Filesystem-first: All data is stored in .licit/ within the project. No databases, APIs, or remote services.
Dataclasses for domain, Pydantic for config: Domain models (ProvenanceRecord, ControlResult, etc.) are pure dataclasses. Only configuration (LicitConfig) uses Pydantic v2.
Protocol for interfaces: Abstractions between modules use typing.Protocol, not inheritance with abstract classes.
Lazy imports: Commands for future phases use lazy imports with try/except ImportError so the CLI works without modules that are not yet implemented.
Automatic detection: ProjectDetector infers languages, frameworks, CI/CD, security tools, and AI agent configurations without manual configuration.

Data Flow

User's project
       │
       ├──────────────────────────────────────┐
       ▼                                      ▼
┌─────────────────┐                  ┌──────────────────┐
│ ProjectDetector  │                  │ProvenanceTracker  │
│                  │                  │                    │
│ Detects languages│                  │ ┌──────────────┐  │
│ frameworks, CI/CD│                  │ │ GitAnalyzer   │  │ ← git log
│ agents           │                  │ │  + Heuristics │  │
└────────┬────────┘                  │ └──────┬───────┘  │
         │ ProjectContext             │        │          │
         ▼                           │ ┌──────────────┐  │
┌─────────────────┐                  │ │SessionReaders │  │ ← ~/.claude/
│EvidenceCollector │                  │ └──────┬───────┘  │
│                  │                  │        │          │
│ .licit/, configs │                  │ ┌──────────────┐  │
│ SARIF, architect │                  │ │  Attestor    │  │ ← HMAC sign
└────────┬────────┘                  │ └──────┬───────┘  │
         │ EvidenceBundle             │        │          │
         ▼                           │ ┌──────────────┐  │
┌─────────────────┐                  │ │    Store     │  │ → provenance.jsonl
│   Evaluators    │ ← Phases 4-5    │ └──────────────┘  │
└────────┬────────┘                  └──────────┬───────┘
         │ ControlResult[]                      │
         ▼                                      ▼
┌─────────────────┐                  ┌──────────────────┐
│   Reports       │ ← Phase 6       │ Provenance Report │
└─────────────────┘                  └──────────────────┘

Implemented Modules (Phases 1-2)

config/ — Configuration

schema.py: 9 Pydantic v2 models with root class LicitConfig. All fields have sensible defaults.
loader.py: Loads configuration with 3-level resolution: explicit path -> .licit.yaml in cwd -> defaults.
defaults.py: Constants: CONFIG_FILENAME, DATA_DIR, DEFAULTS instance.

core/ — Core

models.py: 3 enums (ComplianceStatus, ChangeSeverity, ProvenanceSource) and 6 dataclasses (ProvenanceRecord, ConfigChange, ControlRequirement, ControlResult, ComplianceSummary, GapItem).
project.py: ProjectDetector with 8 detection methods. Produces a complete ProjectContext.
evidence.py: EvidenceCollector with 5 collection methods. Produces an EvidenceBundle with 18 fields.

logging/ — Logging

setup.py: Configures structlog with WriteLoggerFactory, WARNING level by default (DEBUG with --verbose).

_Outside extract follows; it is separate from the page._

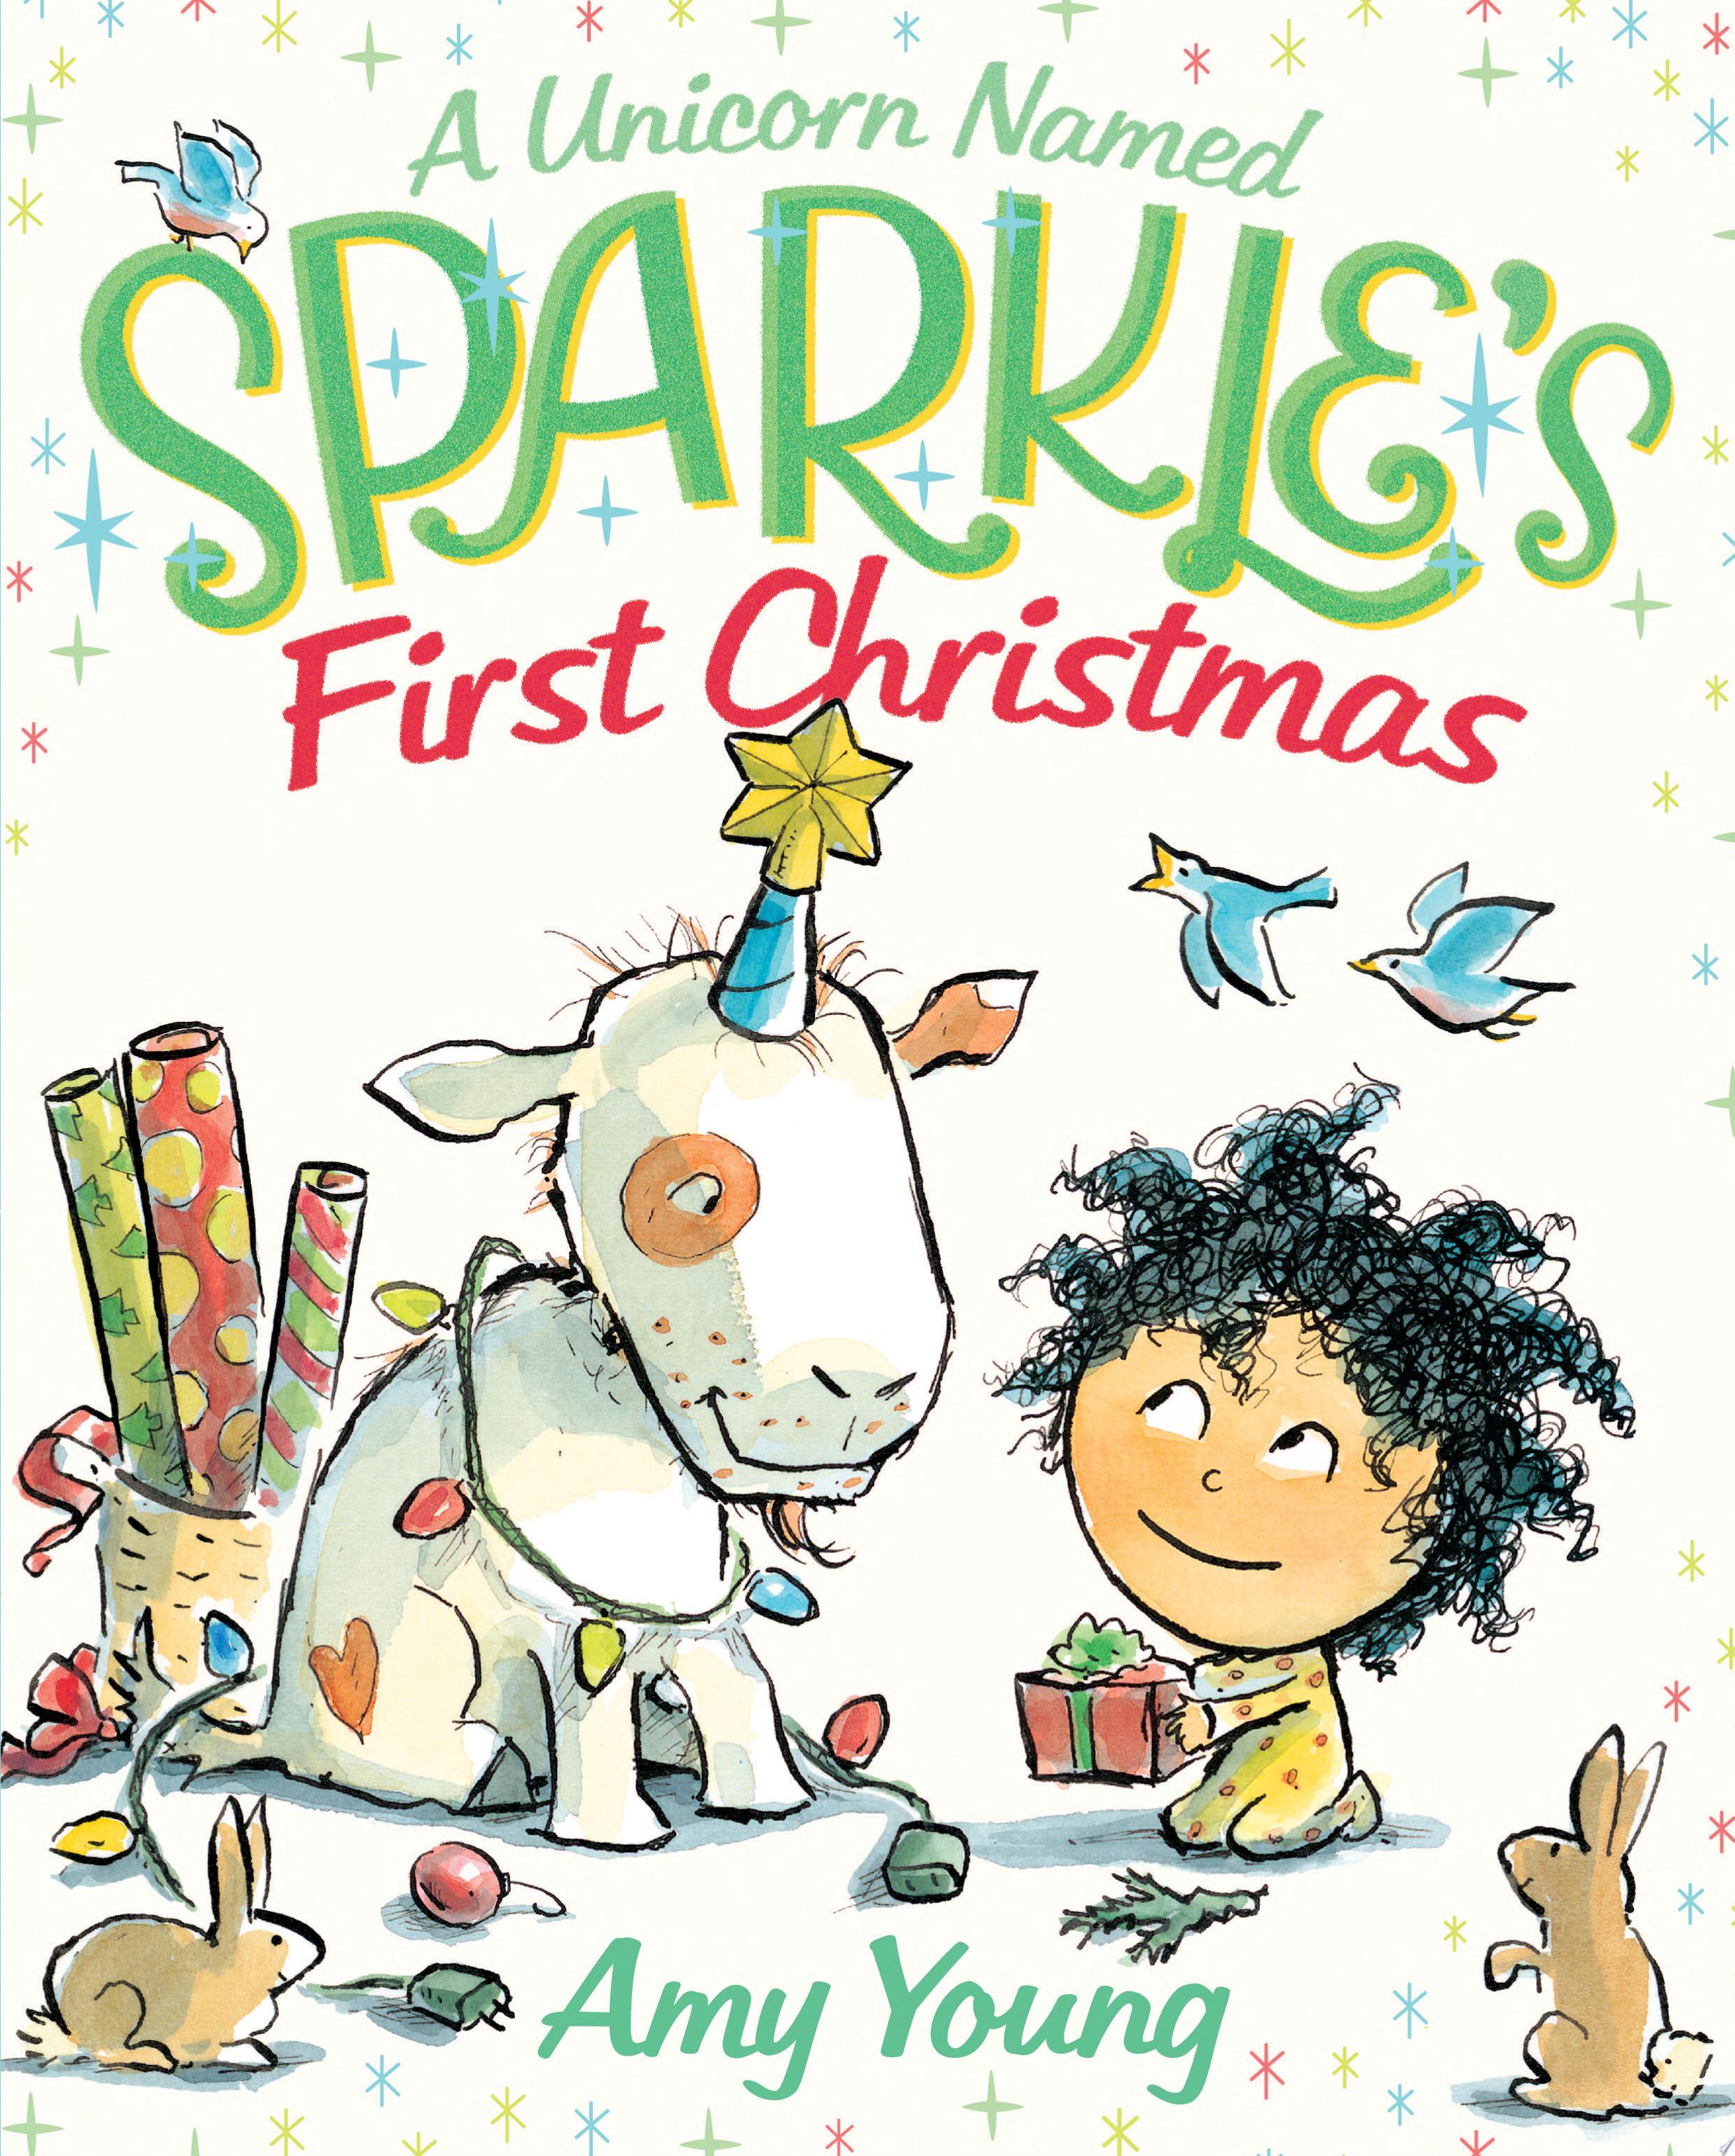 Image for "A Unicorn Named Sparkle's First Christmas"

provenance/ — Code Traceability

heuristics.py: Engine with 6 heuristics for AI commit detection (author, message, bulk, co-author, file patterns, time). Weighted average of signaling heuristics only. Supports custom patterns from JSON.
git_analyzer.py: Parses git log with \x00/\x01 separators for robustness. CommitInfo dataclass. Agent inference (8 patterns) and model inference (8 regex). Classification: >=0.7 -> “ai”, >=0.5 -> “mixed”, <0.5 -> “human”.
store.py: Append-only JSONL store. Operations: append(), load_all(), get_stats(), get_by_file(). Deduplication by latest timestamp.
attestation.py: HMAC-SHA256 for individual signing, Merkle tree for batch signing. Key management with automatic generation.
tracker.py: Orchestrator that combines git analysis + session reading + confidence filtering + signing + store.
report.py: Markdown report generator with summary, AI tools, models, file details.
session_readers/base.py: SessionReader Protocol for extensibility.
session_readers/claude_code.py: Reads Claude Code sessions (JSONL) from ~/.claude/projects/.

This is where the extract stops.